Guyysss black white and inbetween, all say that even if they can't stand her shitty music, SHE is worth fucking. But Jay-Z apparently doesn't think so.
The interesting thing about this is that there's been a media frenzy to find out the real name of "Becky with the good hair," (the clue BEEE dropped in one of her awful songs about making "Lemonade" out of her lemon relationship with huge-headed retard-faced Jay-Z).
So what's happened? A whole buncha women have happily hinted at being Jay-Z's lover. Others have grinned and posed while neither confirming or denying anything, happy to have the chance of being the next Kardashian and Jenner, famous for nothing.
In comes STEFFANS, with a gross confession that shouldn't even be printed in a "family" newspaper. I mean, Christ, kids and tweens and teens have to read that it's customary, proper and standard behavior to give somebody famous a BLOWJOB??
Black lives matter, y'all.
And BLACK CLASS doesn't seem to exist. Does it?
Who the FUCK proudly contacts newspapers to say, in essence, "I didn't fuck Jay-Z when he was married, but I did give him a blowjob. Does that count? Can I get a feature, with a photo???"
"I lifted my head from his lap, wiped my lips, and knew we'd made a mistake."
Christ, E.L. James couldn't have written something so ridiculous and disgusting.

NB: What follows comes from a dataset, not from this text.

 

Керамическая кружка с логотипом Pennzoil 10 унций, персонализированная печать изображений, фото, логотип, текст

And who's "WE," lady? I doubt Jay-Z thought it was a mistake to get a blowjob from some idiot bint.
What happened to women's lib, by the way? What happened to equality? She didn't say Jay-Z was wiping his lips after stropping her freshly-shaven labes.

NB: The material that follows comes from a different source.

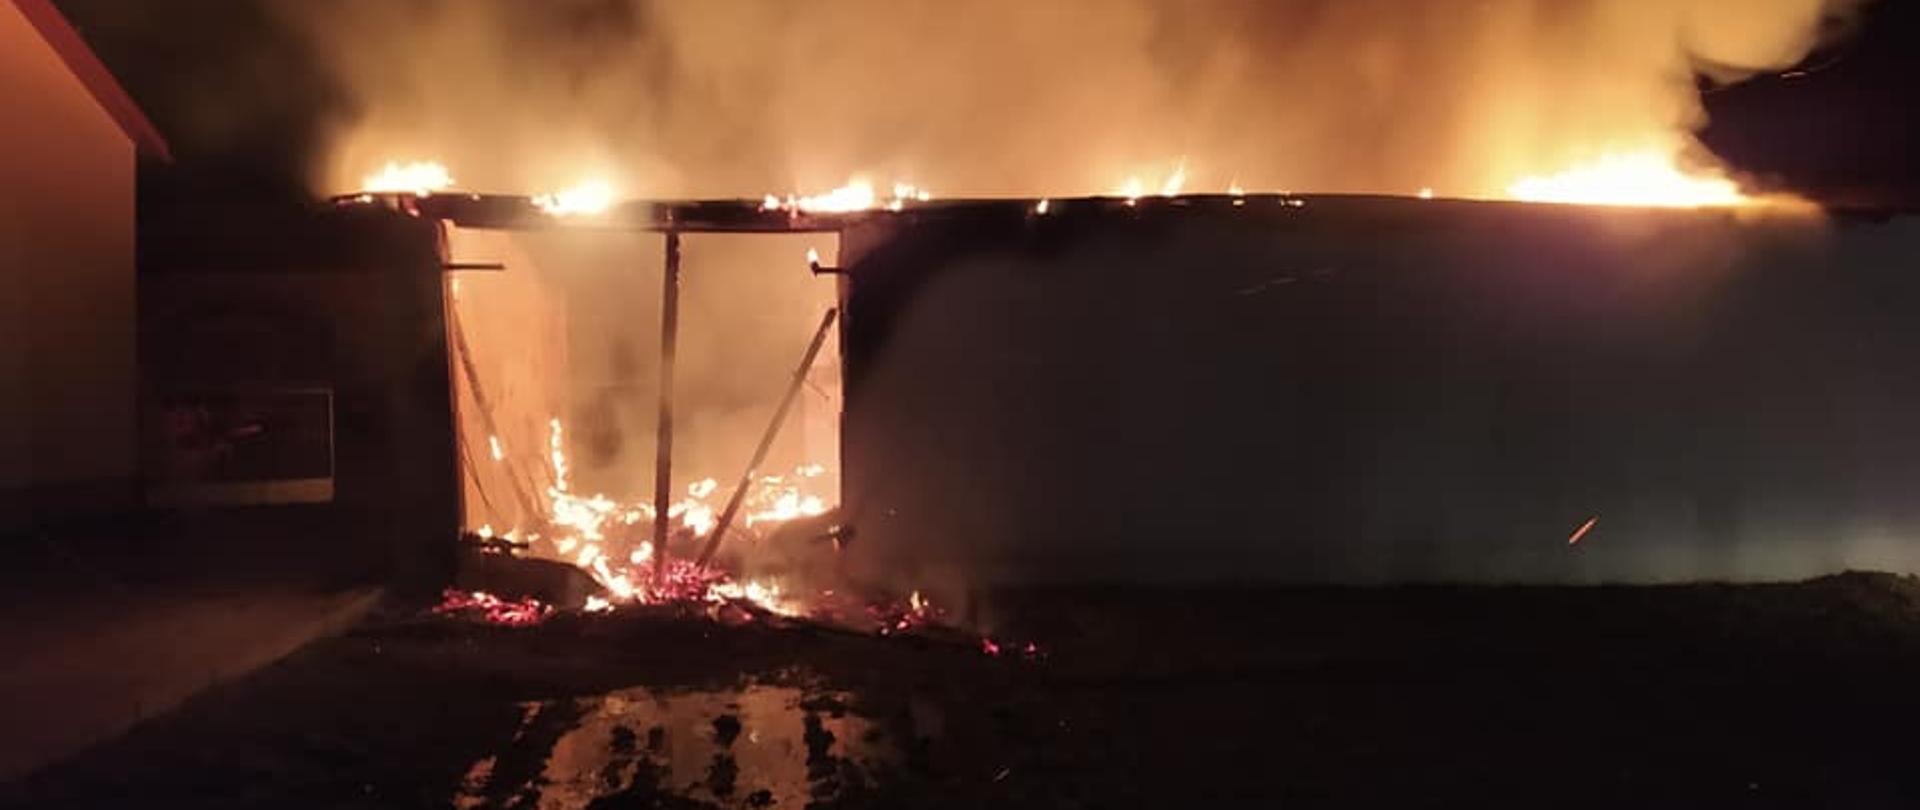 Zdjęcie zostało wykonane nocą, widać na nim płonący budynek, jest dużo ognia i szarego dymu

I think we who are NOT Millennials have to be thankful. We didn't grow up with this kind of shit. We may have grown up aware of the bomb, and that there was pollution, but back then, you only saw Arabs in "Lawrence of Arabia," and climate change was about a few hot or cold days and nothing too crazy. And the Grammy awards had Shirley Bassey being classy, not Beyonce and Rihanna being assy.